Stage 6: Verification
The Verification skill checks every change. It re-runs tests, looks at related-feature impact, and walks through edge cases.
Honestly, I’ve lost count of how many times Claude said “all done” when the thing wasn’t actually working. With this verification step in the loop, that scenario drops off sharply.
Stage 7: Code review and finishing
Each completed task triggers a code review. The review has two layers.
- Spec compliance (was it built to spec)
- Code quality (security holes, performance issues, code style)
Findings are tagged Critical, Major, or Minor, and the agent fixes the code automatically based on the feedback.
When every task is done, the Finishing skill takes care of cleaning up the worktree and opening the PR.
Writing Skills: the power of the meta-skill
The skill library
Here’s the breakdown of what’s built into Superpowers.
| Category | Skill | Description |
|---|---|---|
| Testing & Quality | TDD | RED-GREEN-REFACTOR cycle |
| Debugging | Systematic Debugging | 4-step root-cause analysis |
| Debugging | Verification | Pre-completion verification |
| Collaboration | Brainstorming | Question-driven requirements |
| Collaboration | Plan Composition/Execution | Plan writing and execution |
| Collaboration | Parallel Agent Dispatching | Parallel sub-agent work |
| Collaboration | Code Review | Two-layer code review |
| Collaboration | Git Worktree Management | Worktree create/cleanup |
| Collaboration | Subagent-Driven Development | PM-and-developer split |
| Meta | Writing Skills | Skill creation/edit framework |
| Meta | Superpowers Introduction | System intro |
Every skill is a markdown file. Think of each one as a reusable knowledge module that documents a procedure, best practices, and the workflow.
Building your own skills
The genuinely powerful piece is the Writing Skills meta-skill. You can update existing skills or create new ones from scratch.

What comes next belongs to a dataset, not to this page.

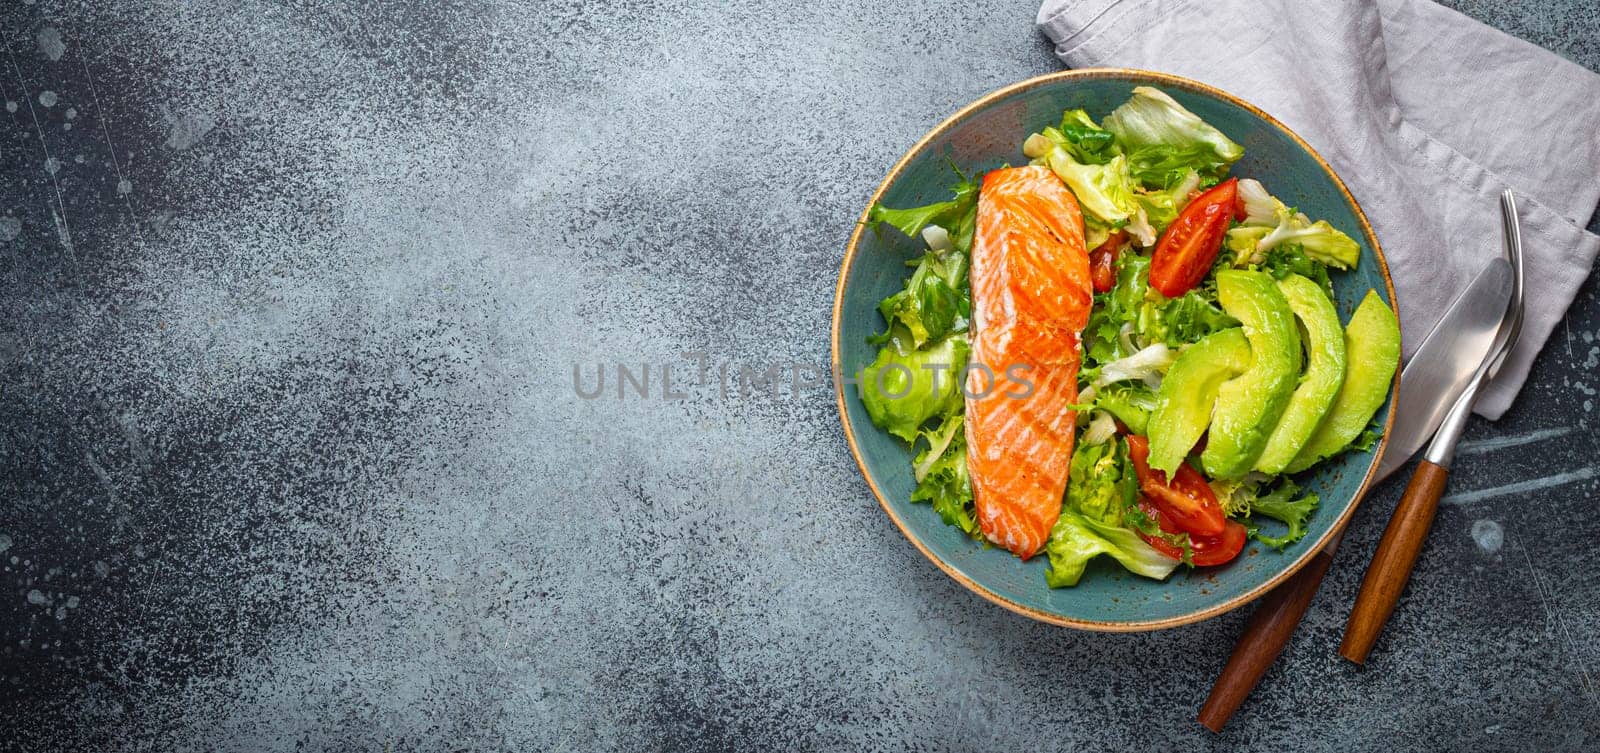 Grilled fish salmon steak and vegetables salad with avocado on ceramic plate on rustic stone background top view, balanced diet, healthy nutrition salad meal with salmon and veggies, space for text by its_al_dente

Usage is simple. You tell Claude something like this.
"Make me a skill that enforces our company's coding conventions"
And Claude builds the skill file for you. When it creates a new skill, it applies the same TDD, sub-agent dispatch, and pressure-test routines as any other dev work. Building a skill itself follows the Superpowers workflow.
The fun part is that you can also hand it a programming-book PDF and ask it to “read this and turn what you learned into a skill.” Whether it’s clean-code principles or a specific architectural pattern, anything documented can become a skill.
Real-world cases
Where Superpowers earns its keep is in the field. A few examples.
1. Next.js 16 migration: a 500-line plan, generated for you
A developer handed Superpowers the job of upgrading his service to Next.js 16 and turning on cacheComponents. He ran /superpowers:write-plan, and it produced a 500-line migration plan.
- A full list of the 23 API route files that needed changes
- The 2 components where
new Date()would break prerendering, identified - The context providers that needed a Suspense boundary, called out
- A 4-day timeline with test checkpoints at each stage
Doing that codebase scan by hand would’ve eaten more than a day.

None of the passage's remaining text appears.